O Senado francês aprovou, na última quarta-feira (29 de outubro), uma reforma histórica na lei de estupro, incluindo pela primeira vez a noção de consentimento explícito. A medida, que ganhou força após o caso Gisele Pelicot, marca uma mudança significativa no sistema jurídico e coloca a França em sintonia com boa parte da Europa.
Até então, a lei de estupro na França definia o crime apenas como um ato de penetração forçada ou sexo oral praticado mediante violência, coerção, ameaça ou surpresa, sem mencionar diretamente o consentimento.
“Anteriormente, se pudéssemos mostrar em um caso que não houve consentimento, mas o agressor não usou violência, essa pessoa poderia não ser considerada culpada”, explicou Catherine Le Magueresse, jurista e defensora da nova lei, à Reuters.
O caso que impulsionou a mudança
A revisão da lei ganhou novo impulso após o julgamento do caso Pelicot, considerado um divisor de águas na França.
Em dezembro passado, Dominique Pelicot foi condenado por drogar repetidamente sua esposa, Gisele Pelicot, e permitir que dezenas de homens a violentassem enquanto estava inconsciente.
O caso revelou uma lacuna grave na legislação: promotores precisavam provar o uso de violência ou coerção, mesmo quando a falta de consentimento era evidente.
Durante o julgamento, parte dos acusados afirmou acreditar que participavam de “jogos sexuais consentidos”, o que gerou indignação e debate público sobre a insuficiência da lei.
No total, 35 homens foram condenados, mas o caso destacou o quanto o silêncio da vítima ainda era interpretado como dúvida e não como negativa.
O que muda na nova legislação
O novo texto, que aguarda sanção do presidente Emmanuel Macron, estabelece que o consentimento deve ser “dado livremente e informado, podendo ser retirado a qualquer momento”.
A lei também determina que o consentimento não pode ser presumido com base no silêncio, na ausência de resistência física ou em interpretações subjetivas do comportamento da vítima.
Além disso, a nova formulação jurídica deve facilitar as condenações em casos nos quais a violência física não é comprovada, mas há evidências de manipulação, pressão psicológica ou vulnerabilidade.

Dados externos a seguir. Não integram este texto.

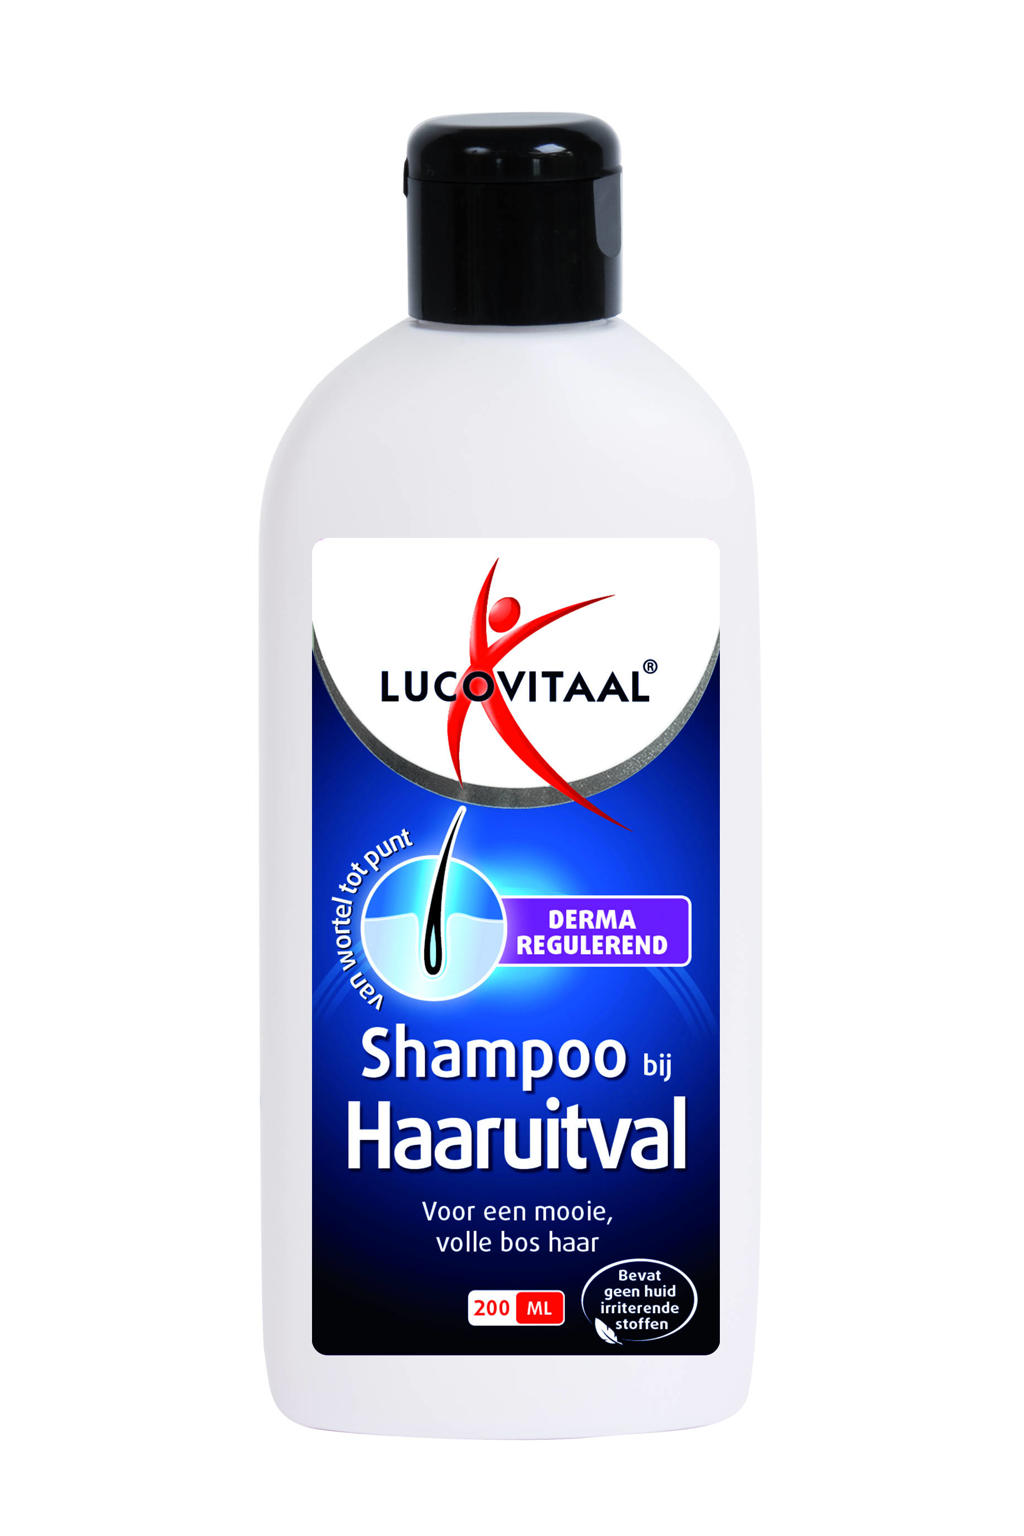 Lucovitaal Bij Haaruitval shampoo - 200 ml

“A definição baseada no consentimento ajuda a educar jovens homens e mulheres sobre a reciprocidade do desejo”, disse Le Magueresse.
Reações e críticas
A aprovação foi celebrada por parlamentares e grupos feministas como uma “vitória histórica”. As deputadas Marie-Charlotte Garin (Partido Verde) e Véronique Riotton (Partido Centrista), principais articuladoras do texto, afirmaram em nota conjunta:
“A França dá um passo essencial na proteção das mulheres e no reconhecimento de que o consentimento é a base de qualquer relação sexual.”
Elas alertaram, no entanto, que a reforma deve ser acompanhada de reforço no apoio às vítimas e melhorias no sistema judiciário, para evitar que os processos recaiam novamente sobre o comportamento das vítimas.

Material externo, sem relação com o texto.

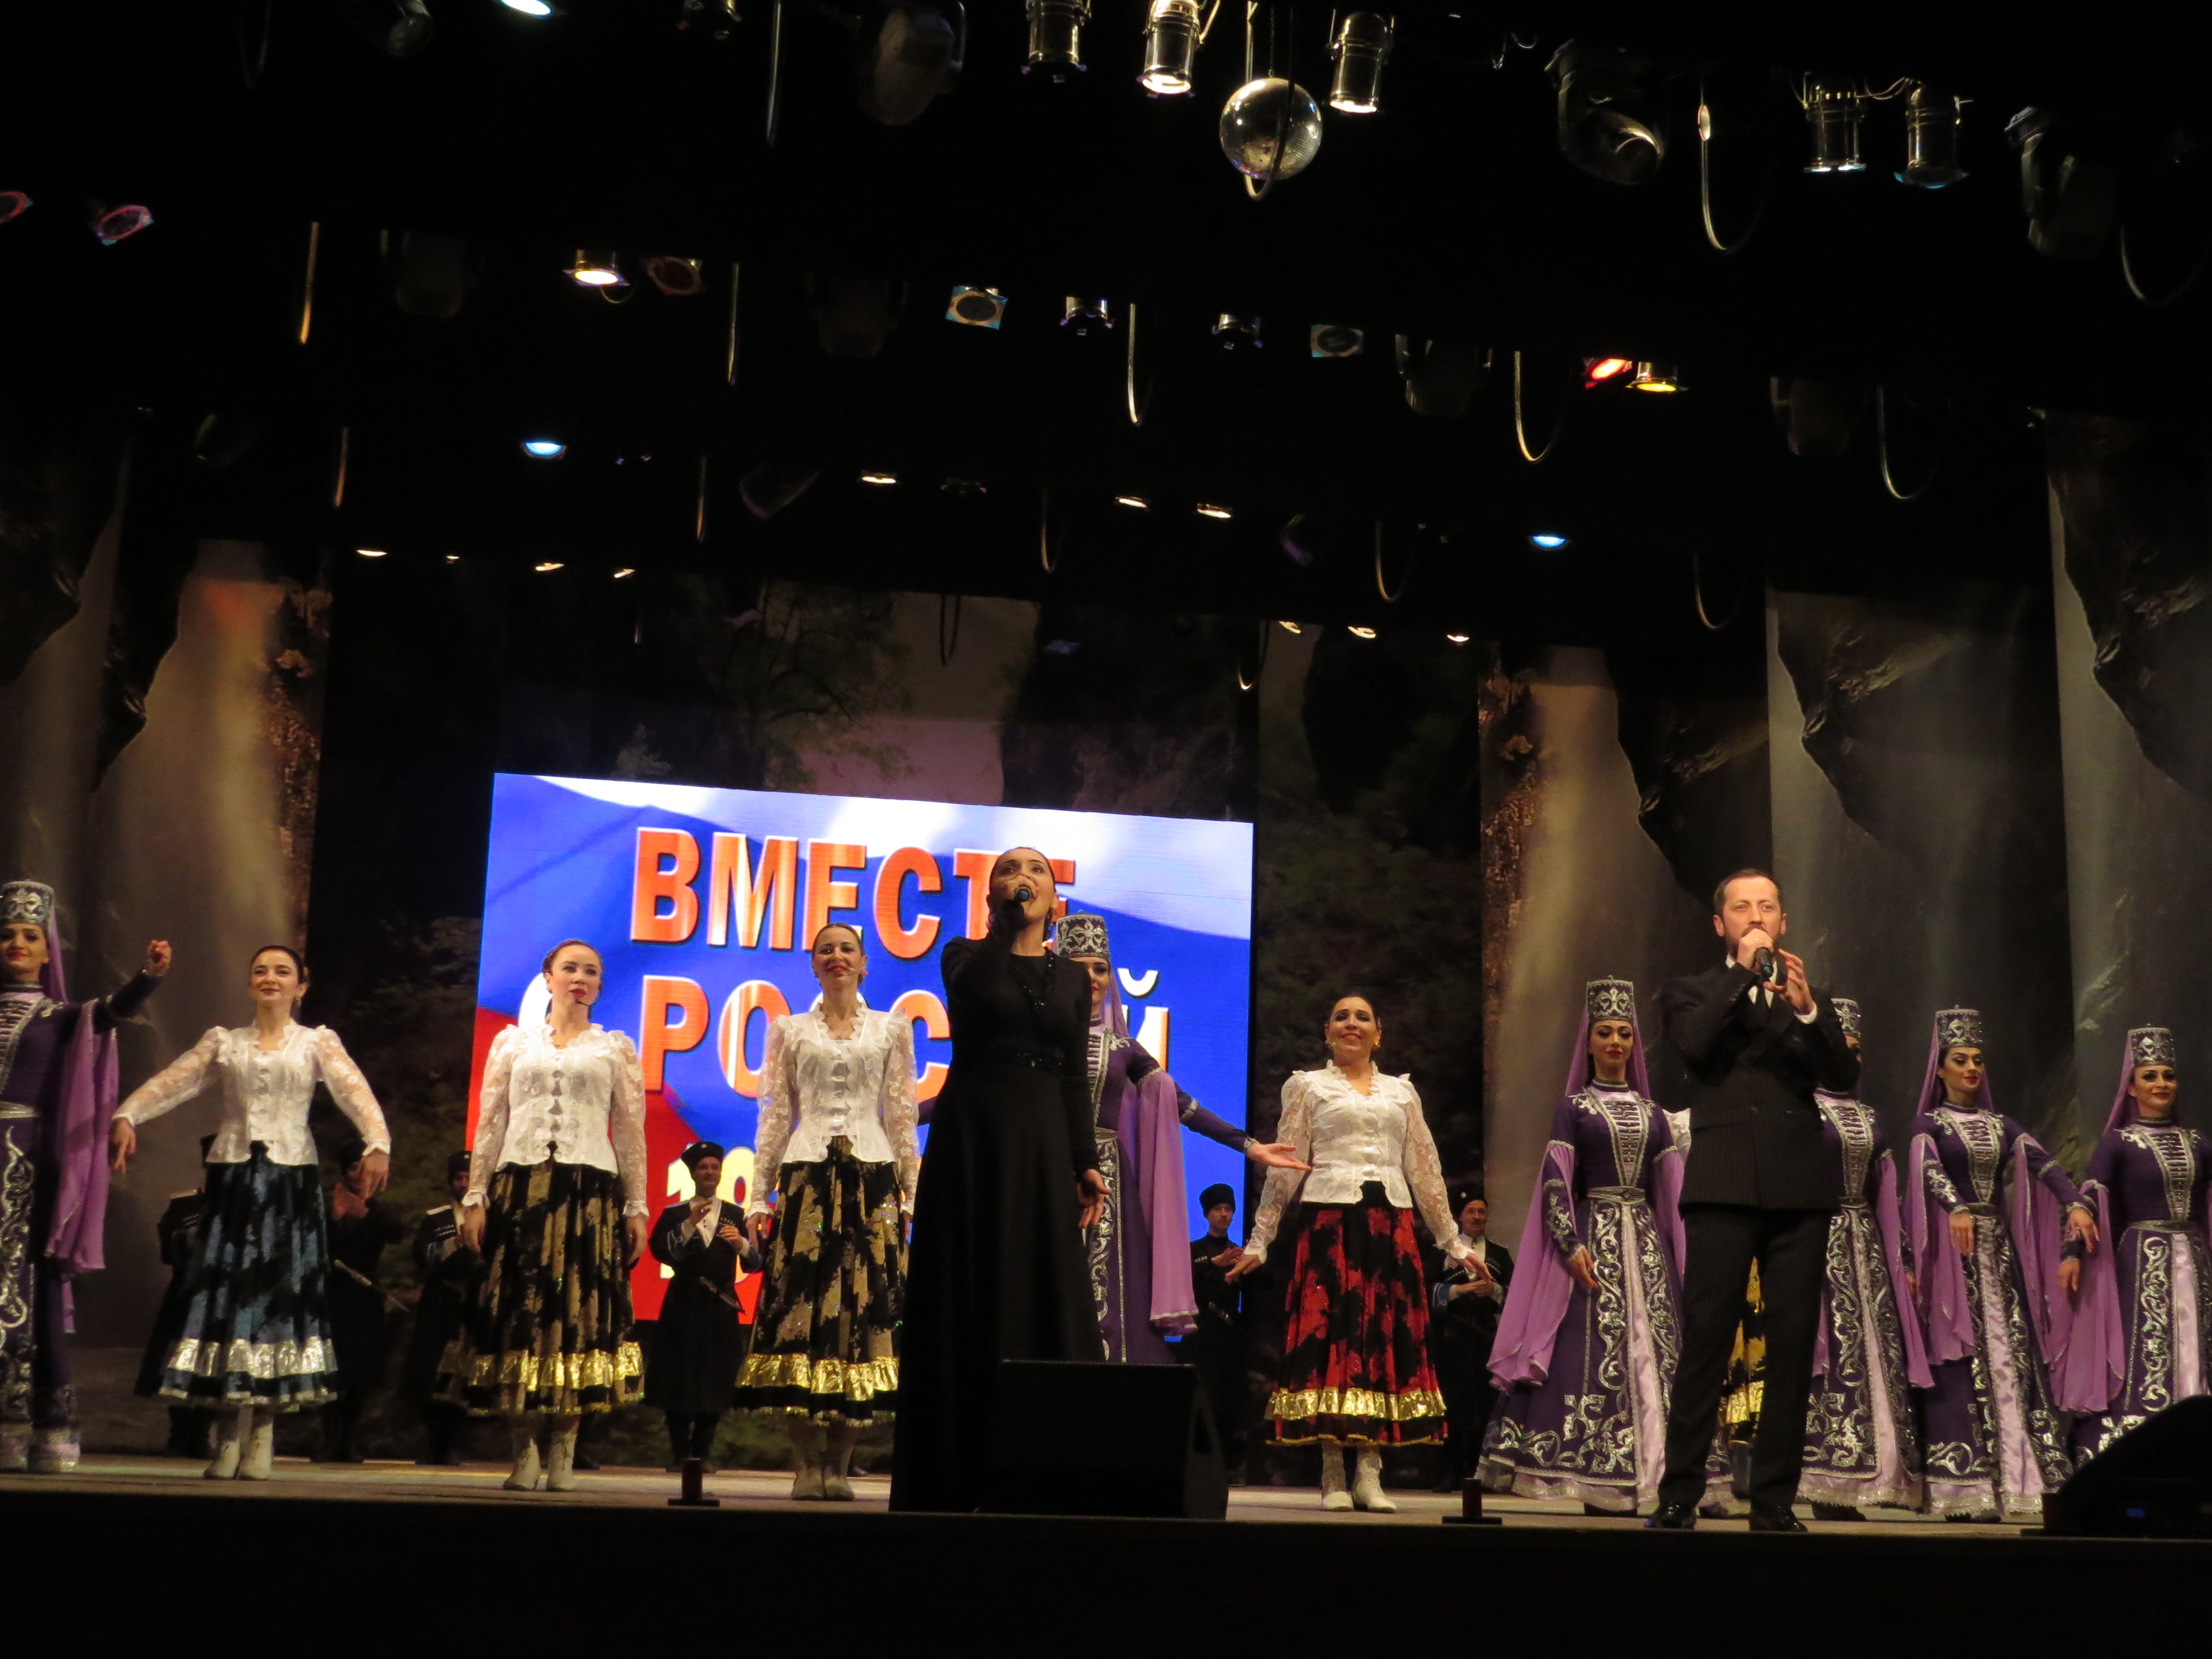 Годовщину вхождения Балкарии в состав Российского государства отметили праздничным концертом

Nem todos, porém, celebraram sem ressalvas. Alguns ativistas dos direitos das mulheres advertiram que o enfoque excessivo no consentimento pode gerar interpretações distorcidas durante investigações, levando a questionamentos indevidos sobre as ações ou palavras da vítima.
“Uma pessoa pode dizer ‘sim’ por medo, pressão ou confusão. O consentimento precisa ser analisado com sensibilidade e contexto”, afirmou a ativista Sophie Poujol, do coletivo Nous Toutes.
Europa adota padrões mais rígidos de proteção
Com a mudança, a França se junta à Suécia, Alemanha, Espanha, Reino Unido e outros países que já têm leis baseadas no princípio de que “só sim é sim”. A transformação legislativa ganhou força após o movimento #MeToo, em 2017, que expôs abusos sistêmicos e pressionou governos a atualizar suas leis sobre crimes sexuais.
Nos últimos anos, a Suécia foi pioneira ao introduzir em 2018 uma lei que criminaliza o sexo sem consentimento, mesmo sem violência. Desde então, diversos países europeus têm seguido o mesmo caminho, redefinindo o que constitui estupro sob a ótica dos direitos humanos.
Um novo paradigma jurídico e social
Especialistas acreditam que a nova lei francesa marca o início de um paradigma jurídico mais moderno e centrado na vítima, onde o foco deixa de ser a resistência física e passa a ser o respeito à autonomia e à vontade da pessoa.
“A noção de consentimento livre e informado é uma ferramenta de educação social, não apenas um conceito jurídico”, concluiu Le Magueresse.
A expectativa é que a sanção presidencial ocorra nas próximas semanas, consolidando a França entre as democracias europeias que reconhecem o consentimento como princípio fundamental na legislação sexual.